##### Data section #####
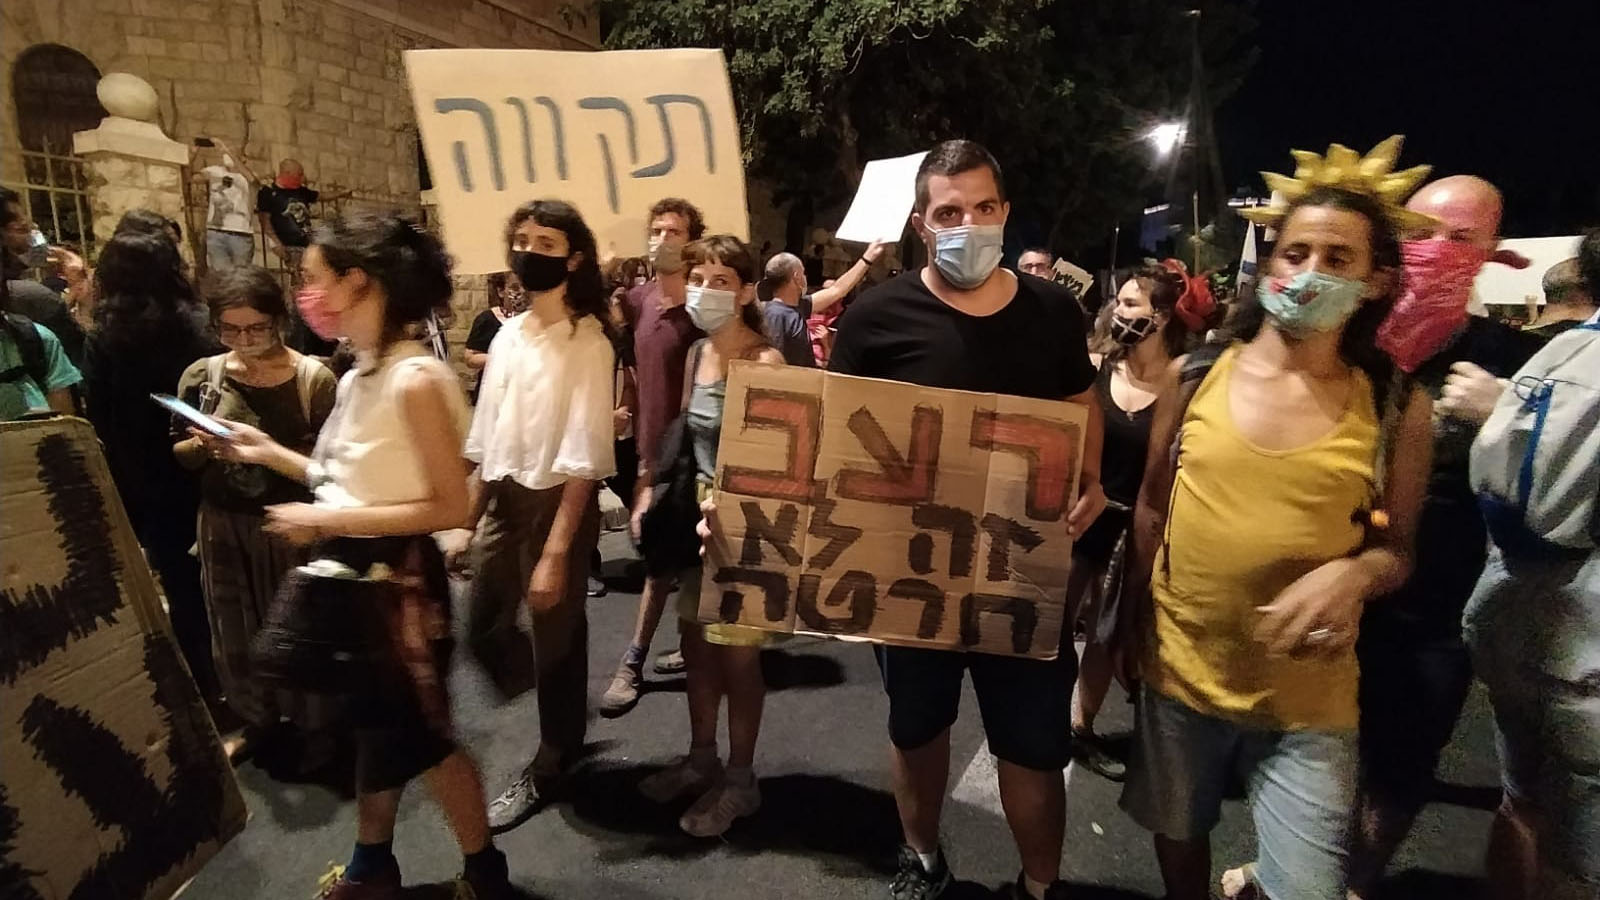 Elihai Amar, 25, from Sderot, came because he sees what is happening. (Photo: Yahel Faraj)
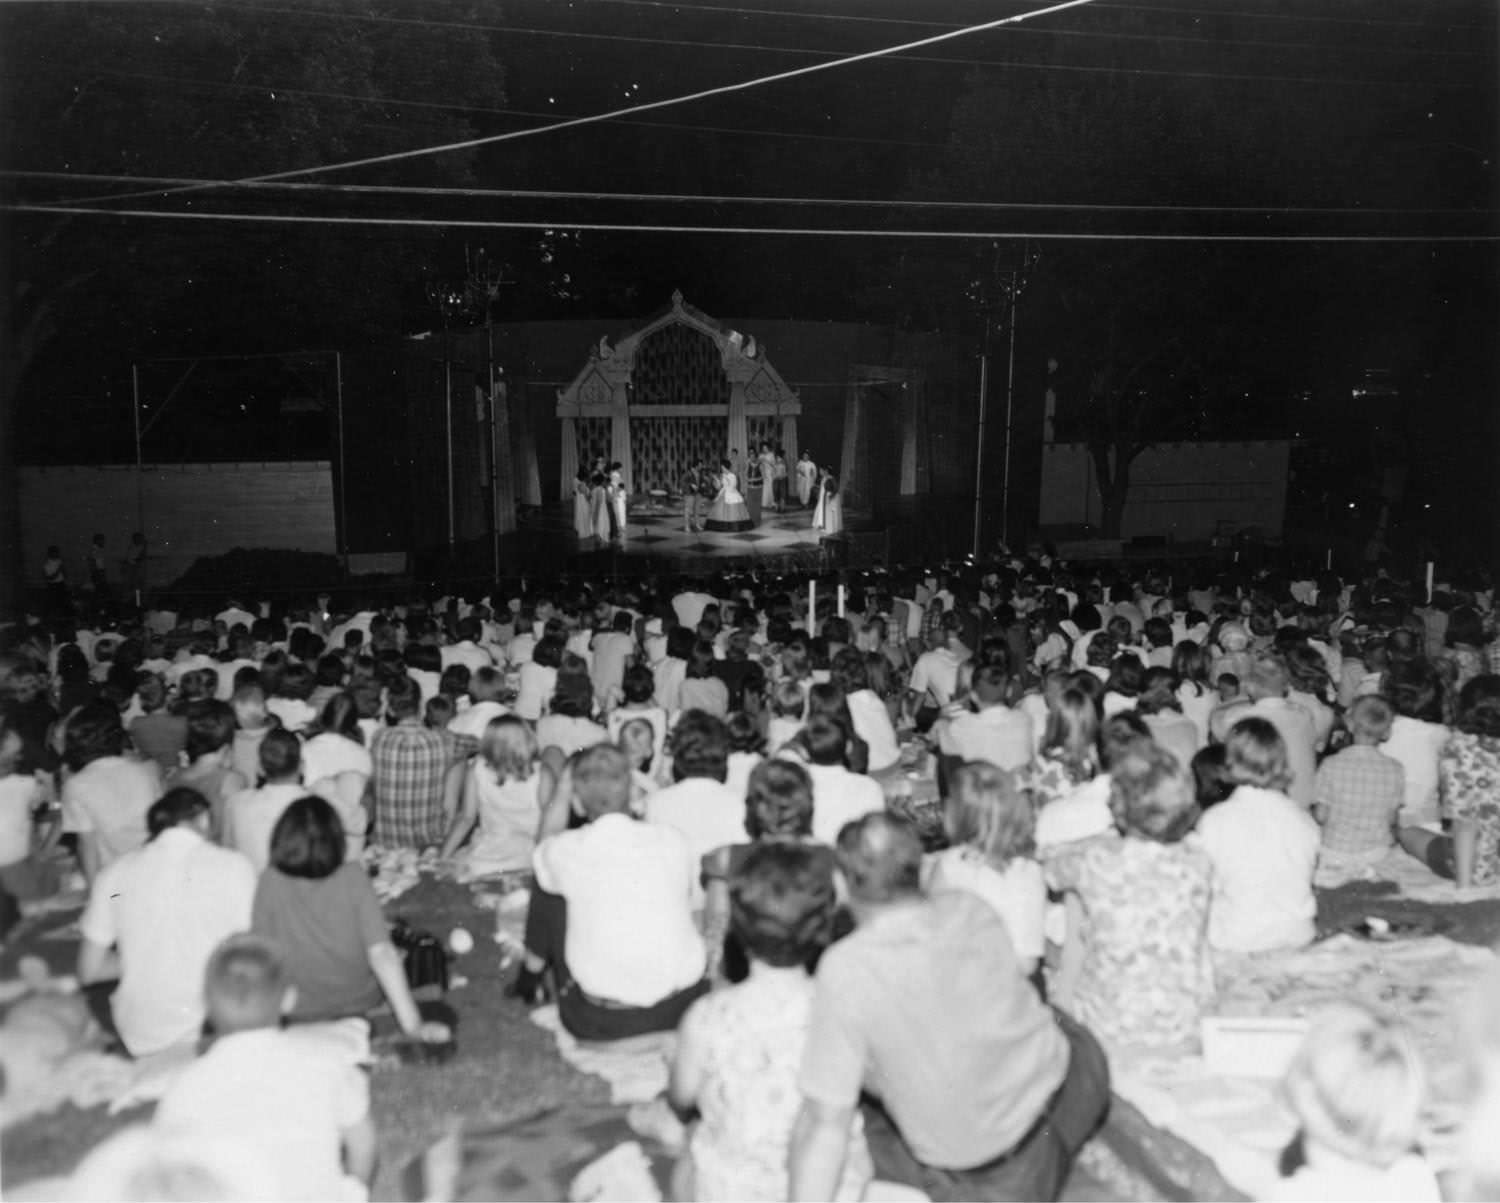 Crowd at Zilker Hillside Theater Production, 1966.
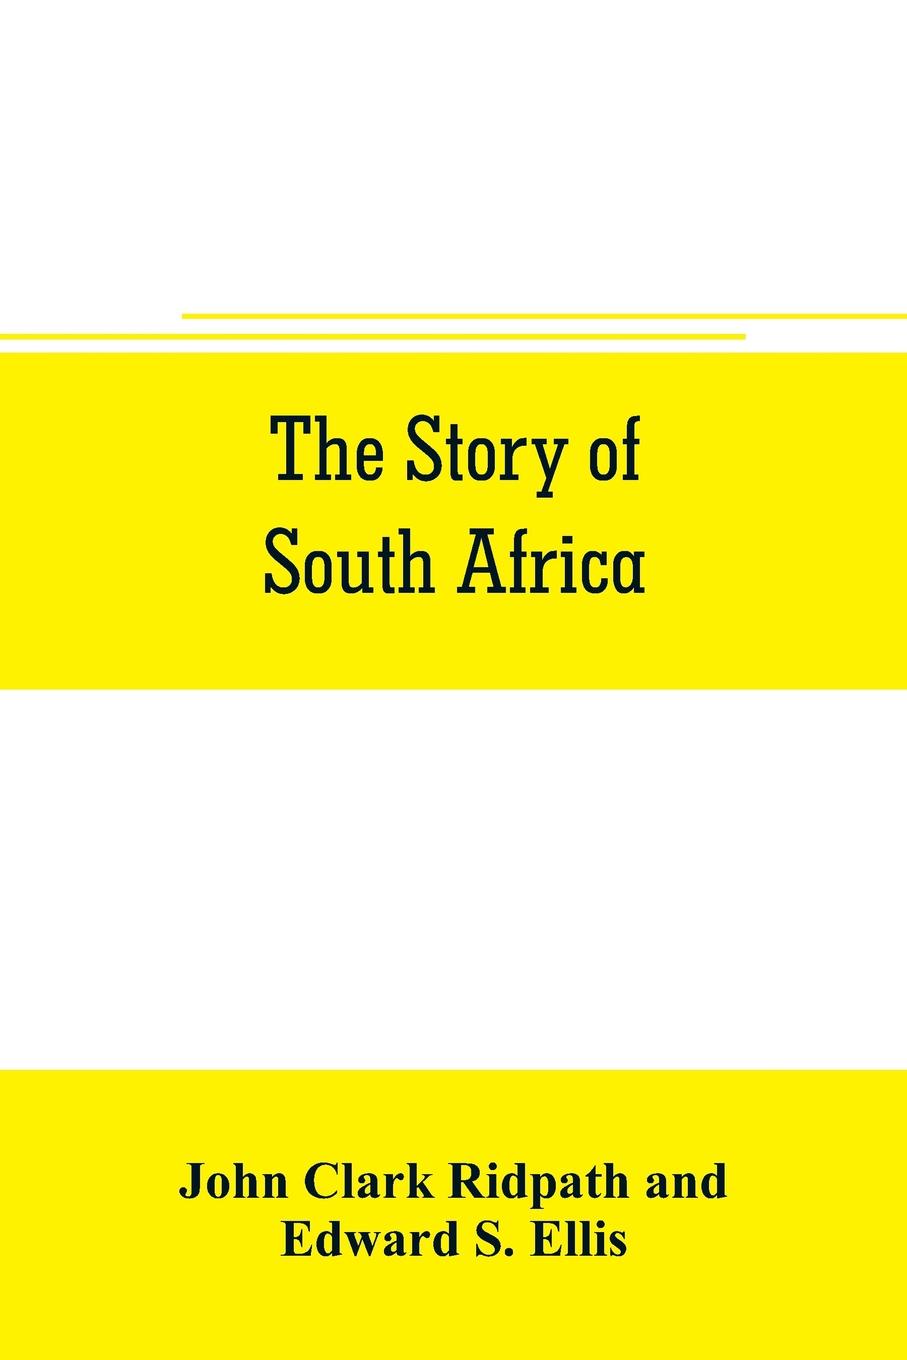 The story of South Africa. An account of the historical transformation of the dark continent by the european powers and the culminating contest between great britain and the south african r& public in the Transvaal war
#####
The output must match, line for line, the span from the line containing "Crowd at Zilker" through the end of the data, with the pictures removed.

 Crowd at Zilker Hillside Theater Production, 1966.
 The story of South Africa. An account of the historical transformation of the dark continent by the european powers and the culminating contest between great britain and the south african r& public in the Transvaal war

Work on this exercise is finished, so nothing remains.